The result is, India has dropped out of America’s investment horizon. On the other hand, in the name of reforming immigration, Obama took special care to introduce in the Immigration Bill, which has been passed by Senate and is awaiting consideration of the House of Representatives, a slew of clauses that would make things exceedingly difficult for India, such as:
·      H1B and L1 visas are priced too high, thus making it next to impossible for Indian IT firms like Infosys and TCS to send workers on specific projects to the US for a limited period;
·      Companies that get 30% or more H1B visa holders will have to pay new fees, a provision that makes it almost futile for companies to structure their business models based on sending teams to work onsite, or “body-shopping”, as the expression goes;
·      In jobs, preference will be given to students educated in the US, a clause that will create a “gold rush” for Indian students to enroll in American colleges—a hugely expensive future national passion; and,
·      Strict restrictions to be put on relatives entitled to migrate.

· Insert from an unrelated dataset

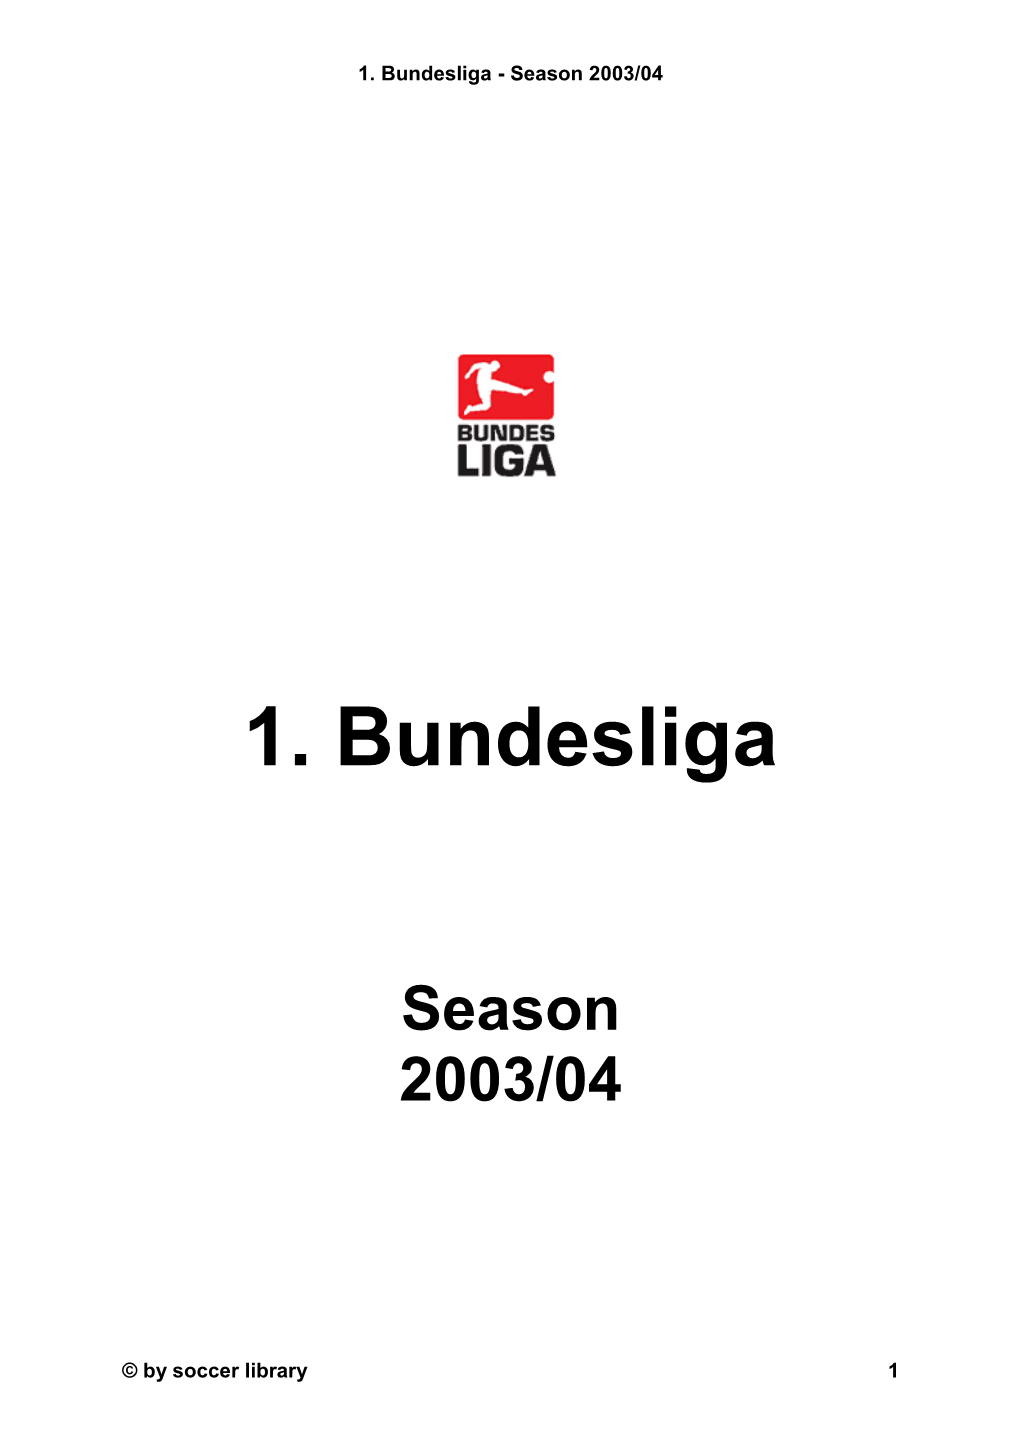 1. Bundesliga - Season 2003/04

Obama reportedly carries an idol of Lord Hanuman and admires Mahatma Gandhi. But he greatly dislikes their country. He is currently breaking bread with the notorious Taliban, and has helped them set up a spanking ‘international’ office at Doha. True to their style, the day the Doha office was opened, the Taliban launched a rocket attack on an American military base in Afghanistan, killing four US soldiers. It shows the utter stupidity of Obama’s policy to play the ‘Afghanistan endgame’ by talking to an unreformed Taliban before its planned exit from the country in 2014. It leaves India frightfully insecure, with militant Islamic fundamentalism poised to recapture its west to a depth of 1,500 miles, not to speak of a powerful and cantankerous neighbor in the north. No wonder India is committing its last shirt to buy arms.

An imperialist, like Winston Churchill, was churlish with India because he thought the country could not rule itself. Unfortunately, Obama, the first black US President, hates India not as a superior but like equals who hate each other.